In this way, history’s traditional way of distancing itself from other sciences (especially the so-called “hard” ones) — the fact that history would in principle contain more unpredictability and randomness than other fields of knowledge — could be formally encompassed. (Incidentally, in recent years population ecologist Peter Turchin has become one of the major advocates of a “Mathematical History”, investigating cultural and historical evolution over time with the use of mathematical equations, in an approach he named “cliodynamics” that has merited interesting criticism.)

Meyer and Conrad eventually predicted that the approximation of history and probability would lead to some appropriation of Bayesianism. In a following chapter in *The Economics of Slavery*, the authors took up Bayesianism, defending its ability to explain the relationship between hypothesis and evidence in historiography.
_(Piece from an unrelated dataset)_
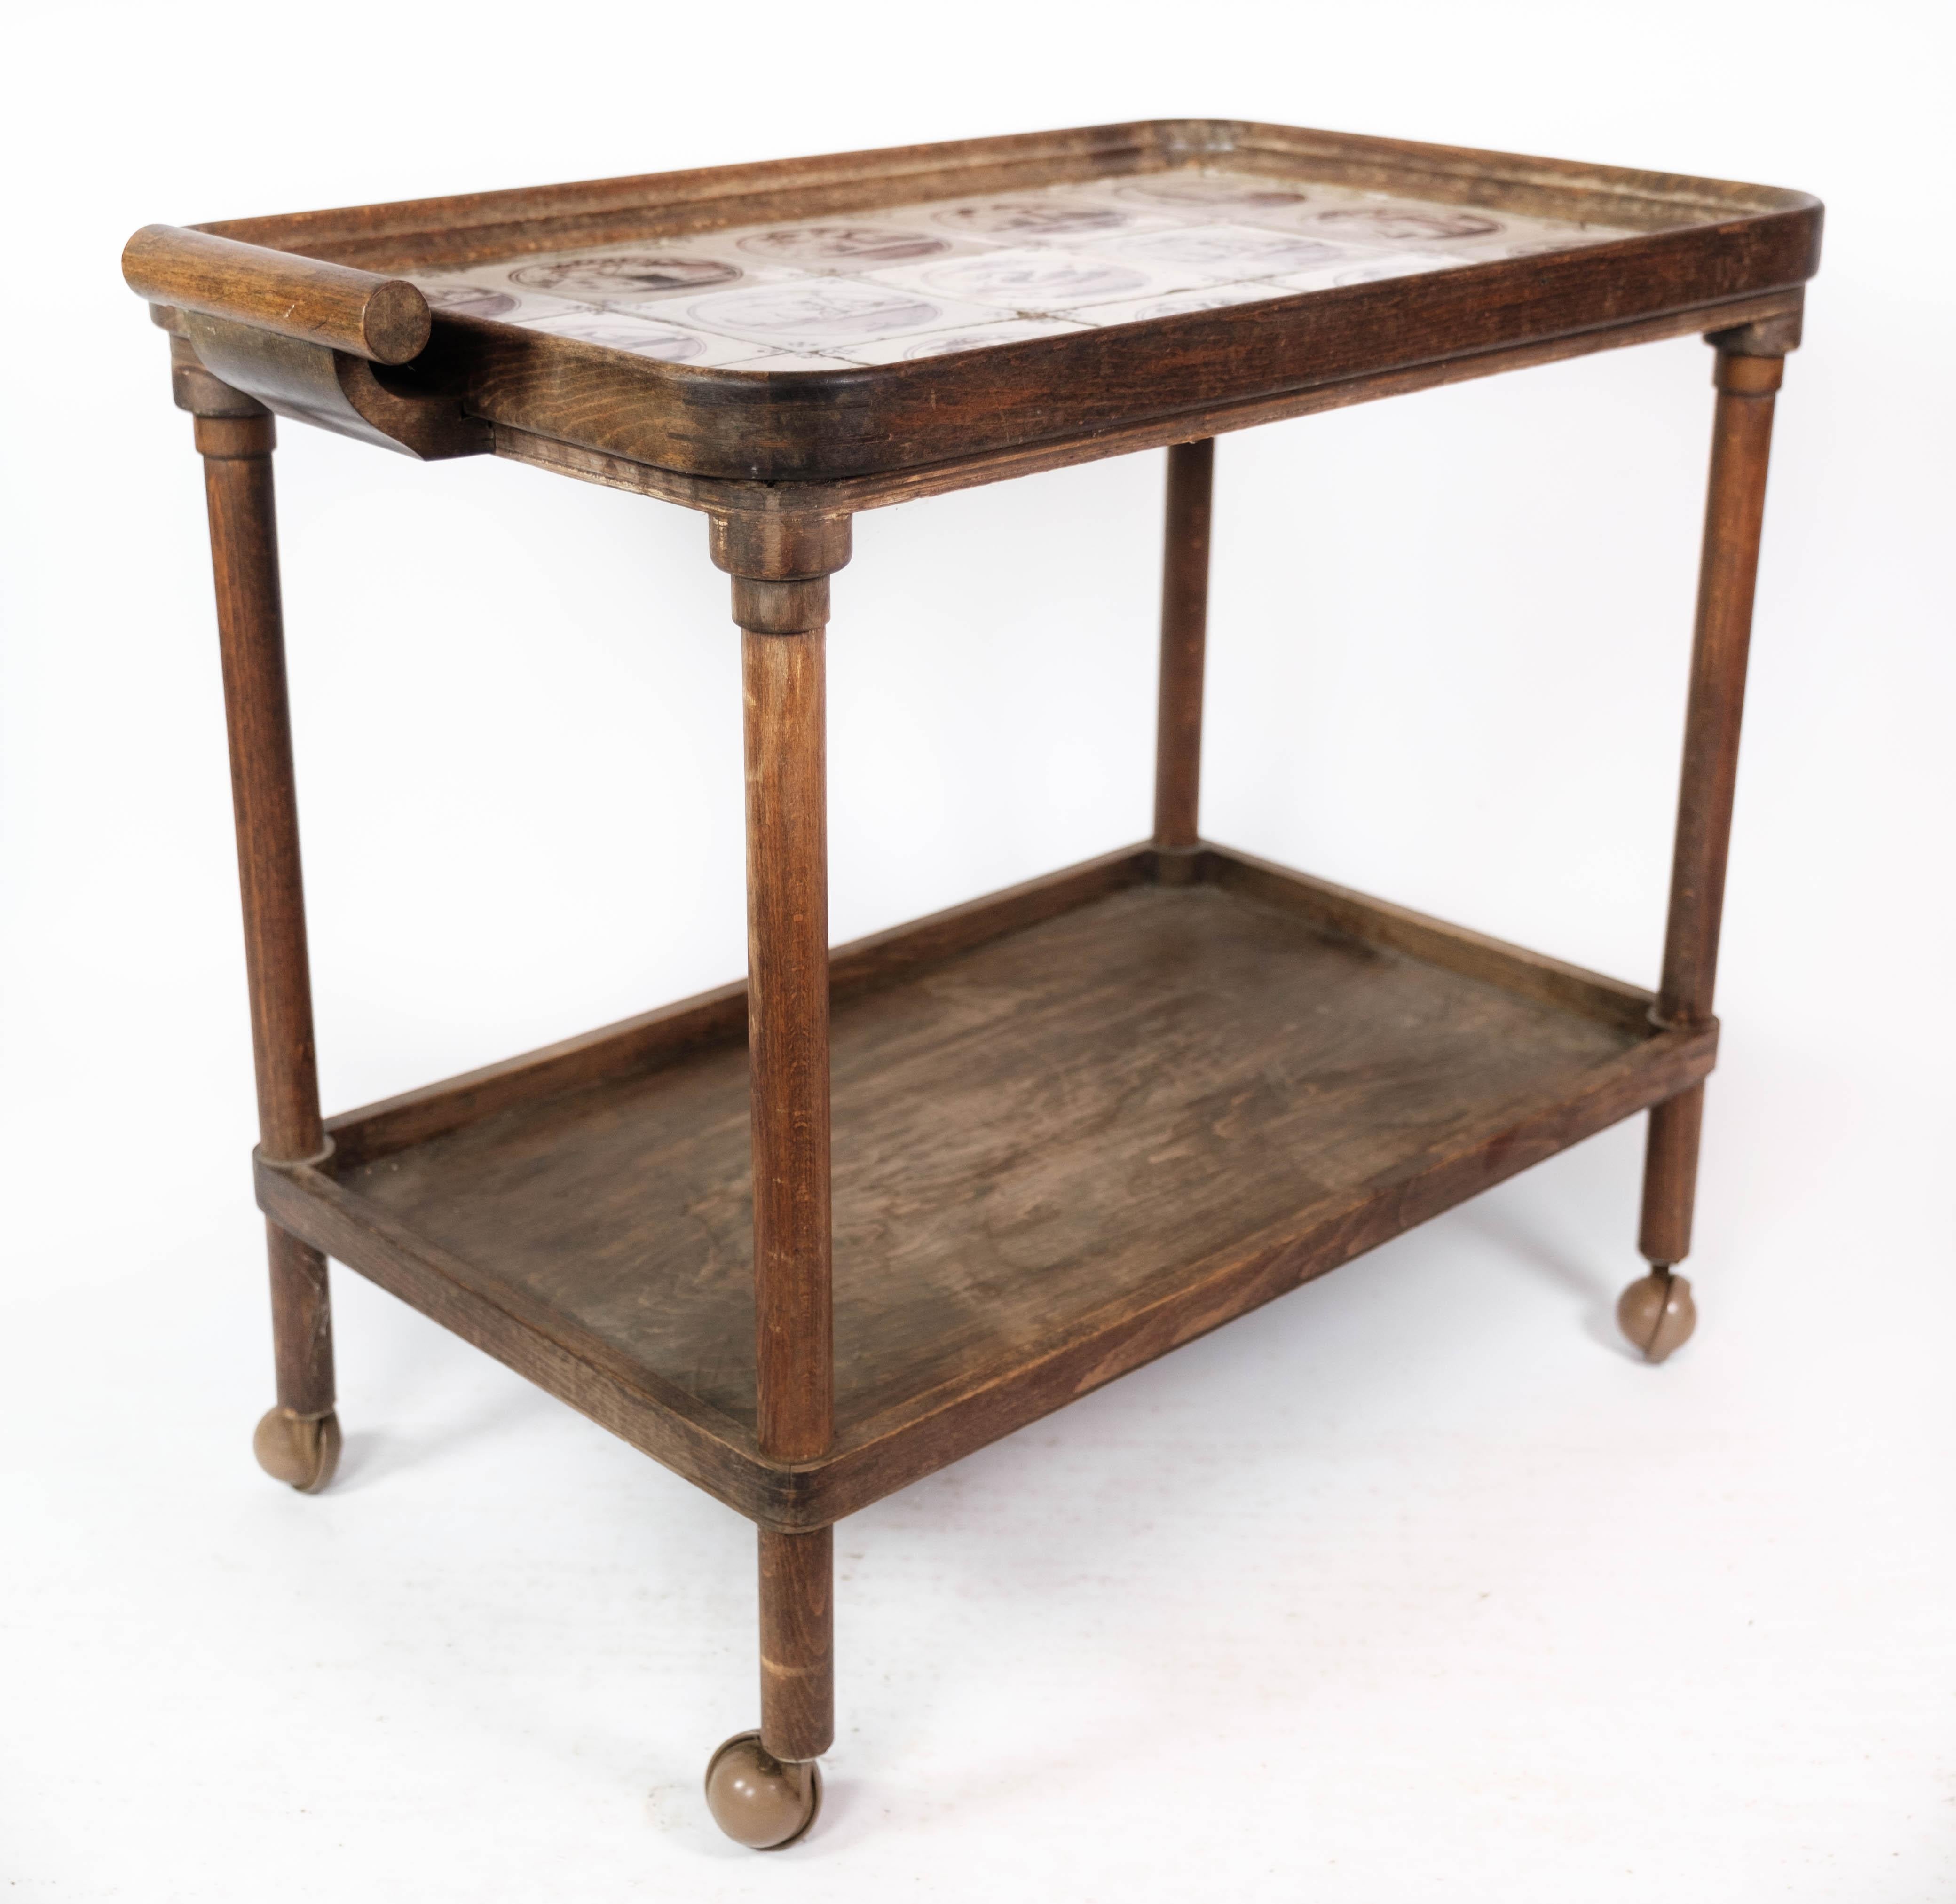 Danish Tray Table Dark Wood Decorated with Dutch Tiles, 1920s For Sale

Meyer and Conrad’s predictions regarding Bayesianism and historiography were not unfounded. At the beginning of the 21st century, historical knowledge would be described in Bayesian terms by scholars like Aviezer Tucker. As he explained in the article “The Reverend Bayes vs. Jesus Christ” (2016), if history is not a knowledge obtainable from sense data, and it’s not fiction, then it can only be probable. If it is probable, it therefore has to be Bayesian. (Of course, Tucker’s leap is not necessarily logical, since there are other ways of considering probabilities besides Bayesianism).

In *Our Knowledge of the Past* (2004), Tucker more thoroughly explains the relations between historical hypotheses and evidence by reference to the Bayesian theorem (already exposed by Meyer and Conrad in “Statistical Inference and Historical Explanation”). The Bayesian model aims at describing the relations between hypothesis and evidence. Tucker’s position is that historiography should not be considered as completely different from other sciences when it comes to actual research, therefore the Bayesian description of the hypothesis-evidence relation also applies to what historians do. In formal notation Bayesianism would work like this, following Tucker (2004, p. 96):

Pr(H|E&B) = [Pr(E|H&B) × Pr(H|B)]:Pr(E|B)

The equation aims at establishing the conditional probability of a hypothesis being true *given* the evidence and background knowledge [*Pr(H|E&B)*]. This means that the objective is asserting the *posterior* probability of the hypothesis, that is, its probability *after* we examine the evidence and our background knowledge of the historical context in question. We ascertain, then, by the Bayes theorem, how high the probability of evidence is in a world (or, in this case, a historical past) in which our hypothesis is true, multiplied by the hypothesis *prior* to examining the evidence given only our background knowledge of historical context.

Regardless of the validity of these formal descriptions of historical knowledge in “symbolic equations” (Marrou,Meyer and Conrad), or of the relations between hypothesis and evidence in Bayesian terms for historiography (Meyer and Conrad, Tucker), what can these attempts at using formal notation for historiography tell us? Tentatively, we may propose two ways of looking at it. First, the use of formal language does not necessarily lead historiography towards privileging quantitative history. After all, not only does formal notation not necessarily imply “mathematization”, but mathematics does not necessarily imply quantification.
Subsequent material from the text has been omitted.